Our design also possesses a range of advantages when compared with other non-Cartesian trajectories developed over the years. Conventionally, non-Cartesian trajectory design focused on the fully sampled case, where rigorous calculation is performed to satisfy the Nyquist sampling theorem, from 2D spiral^8,37 to 3D cone.^9,11 Given careful analytical formulations, these trajectories are fast to compute but cannot be easily adapted to a more flexible highly undersampled case, which we required to achieve clinically feasible acquisition time for this application. The approach taken in the original radial-cones¹³ trajectory did not require precise adherence to the Nyquist sampling requirements, but the design and optimization were still targeted to achieve approximately full sampling. Our design, however, has a set of free parameters which can be determined through a two-step process to be fine-tuned for specific applications without the requirement for full sampling.

Additionally, as our trajectory is generated within the sequence code, the trajectory parameters can be easily adjusted during scanning without manually loading a new trajectory, as with numerically optimized trajectories^15,16. In addition, the use of golden ratio rotations means the undersampling factor and temporal resolution can be chosen arbitrarily during reconstruction. For example, supplementary Figure 11 demonstrates exemplary reconstructions using various temporal resolutions.

Despite the improved sampling efficiency, the additional twists in the cone trajectory design make the acquisition more susceptible to gradient imperfections such as gradient delays. The mismatch between the actual and expected trajectory can introduce errors into the reconstruction. For our trajectory, the slew rate and gradient were limited to reduce the effect of the trajectory mismatch. No notable gradient imperfection related artifacts were observed in all our experiments. However, use of the gradient impulse function^38,39 could improve the reconstruction further and allow the full potential of the gradient system to be utilized.

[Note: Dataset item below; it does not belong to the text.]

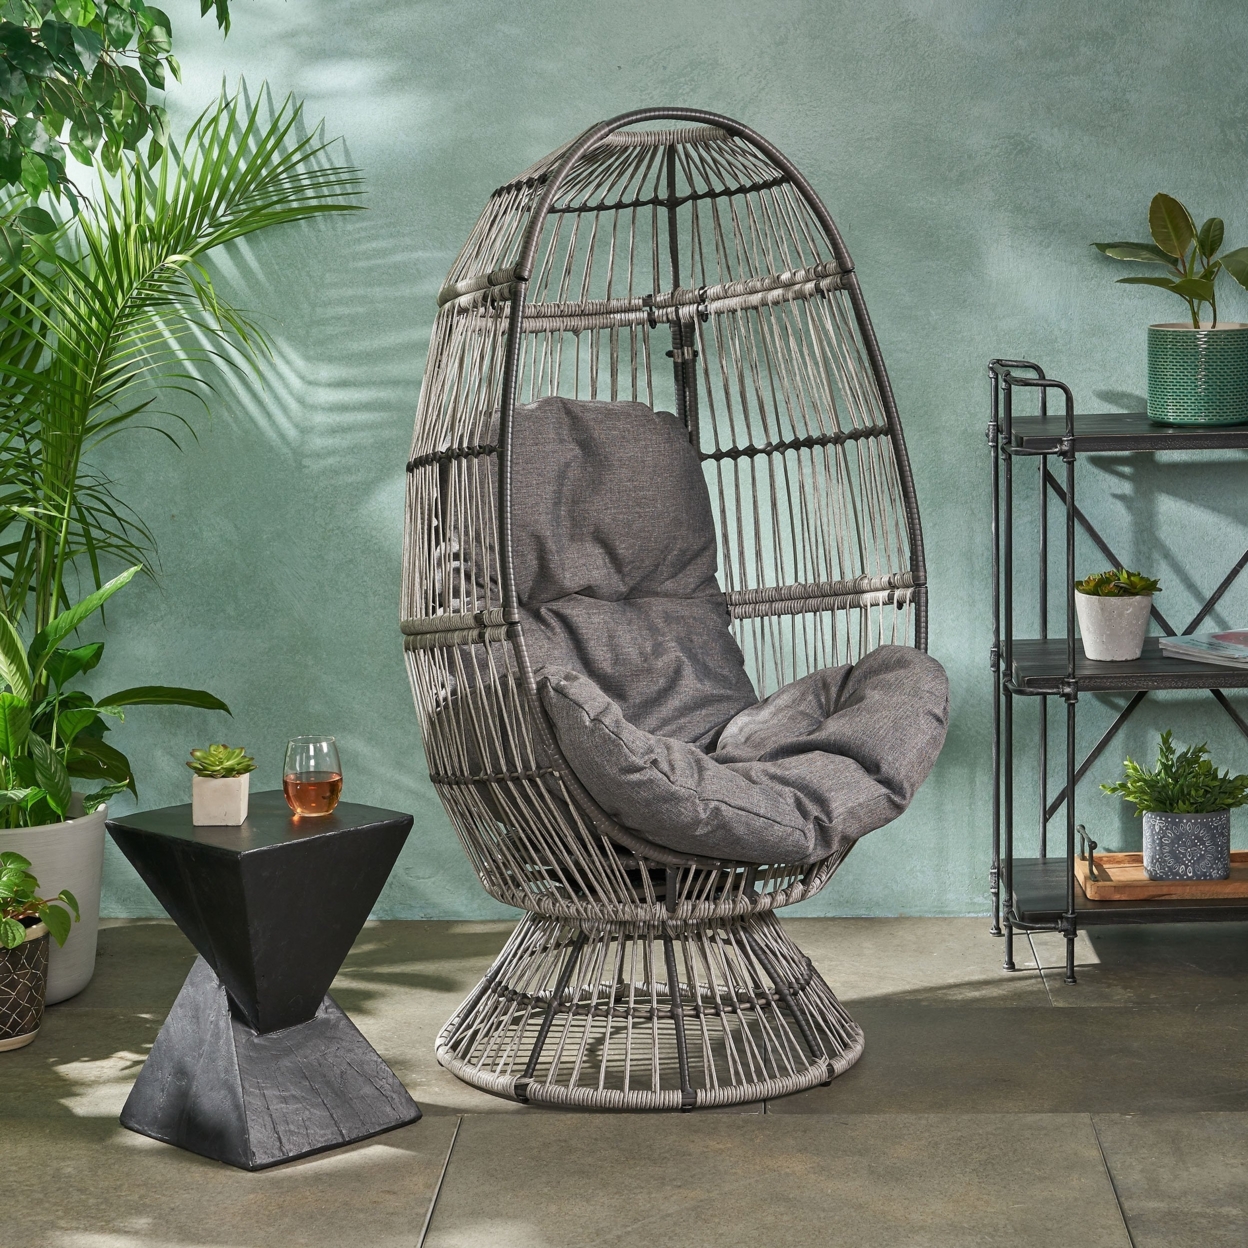 Aceson Outdoor Freestanding Wicker Swivel Egg Chair - Gray/dark Gray/taupe

In-vivo scans in clinical settings often suffer from patient motion. Cone design maintains the ability to use retrospective motion correction while the improved sampling at the central k-space also enables better quality navigator for more accurate registration.

In this preliminary investigation, a small group of 8 relatively young healthy subjects were scanned. In the future, a broader comparison within a larger group of older healthy subjects and patients with cerebrovascular disease should be carried out for a more comprehensive validation of the generalizability of our cone design. We could also perform a thorough comparison with more conventional methods and explore the quantification of blood flow from these images^40,41.

Conclusion

In this work, we introduced an innovative 3D cone trajectory design, combined with a golden ratio rotation strategy, to enhance SNR and resolution without prolonging acquisition time. Our design better utilizes the gradient system, covering more k-space than the radial trajectory in a single readout. Notably, its non-Cartesian artifacts exhibit enhanced incoherence and uniformity compared to the radial approach, making it more suitable for LLR reconstruction. Through a comprehensive process involving numerical simulations and physical phantom scans, a combination of the most suitable trajectory parameters was selected. The evaluation on a group of healthy subjects demonstrated that our cone trajectory surpassed the original 4D CAPRIA approach, not only in terms of spatial resolution but also in scanning repeatability for both angiography and perfusion images.

Table 1. Acquisition parameters for the three different in vivo protocols.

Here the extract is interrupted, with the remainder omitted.